Decided it was time to grind and polish with my wet grinder.
As I started to polish, I noticed the only part I was liking (the marbled look) was being ground off to reveal the pure white underneath. So, I stopped grinding, and put some more powder on my cloth to re-colour the surface imperfections.
There comes a time in any artist’s project that she needs to decide when the work is “finished.” Seldom easy for me. But, this is the point where my experimentation ends with this prototype countertop. I decided to leave well enough alone, and stop working on it.
So I scraped the black silicone off the agate slices, cleaned the surface with water and let it dry overnight.

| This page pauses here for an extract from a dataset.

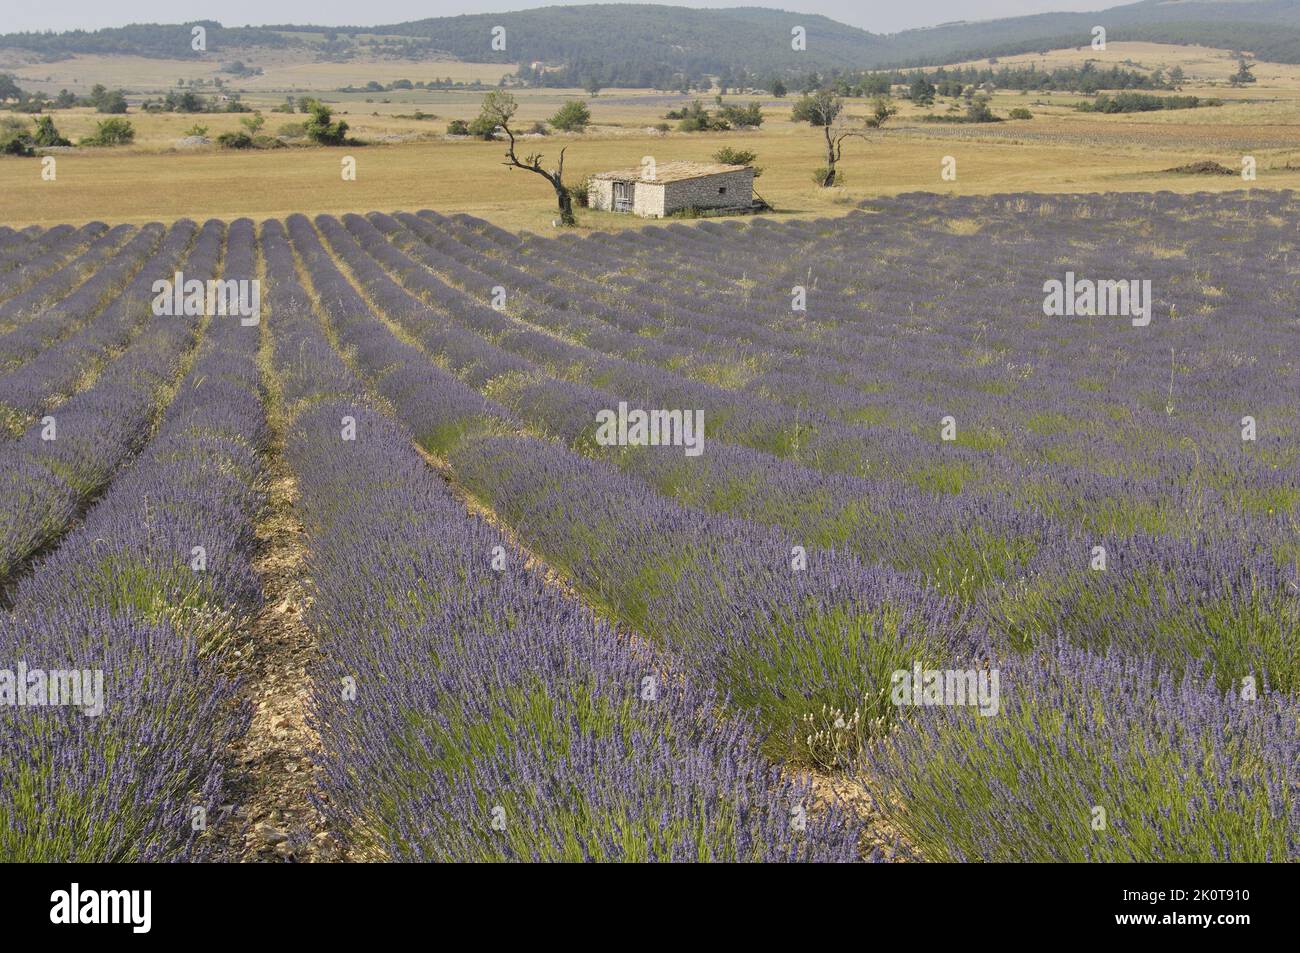 Lavender (Lavandula sp) shed near a field of flowers to be harvested - Sault area - Provence - Vaucluse - France Stock Photo

I still have half a bucket of Broda Clarity sealer left from finishing our concrete floors, and applied three coats with a micro-fibre cloth. You can see the first coat started here, and the difference between the raw concrete and the sealant applied.If this were a kitchen countertop, it would not be acceptable, because the depressions would trap bacteria. As a sealed laundry countertop, it will work.
A real learning piece for me, and beautiful in its own way. The jury is still out on whether I will attempt the kitchen countertops. I will apply what I learned to a bathroom countertop next, and gain more confidence before I commit.
Here’s the finished countertop, and the before and after.
Thank you for hanging in there until the end! (The countertop saga to be continued.)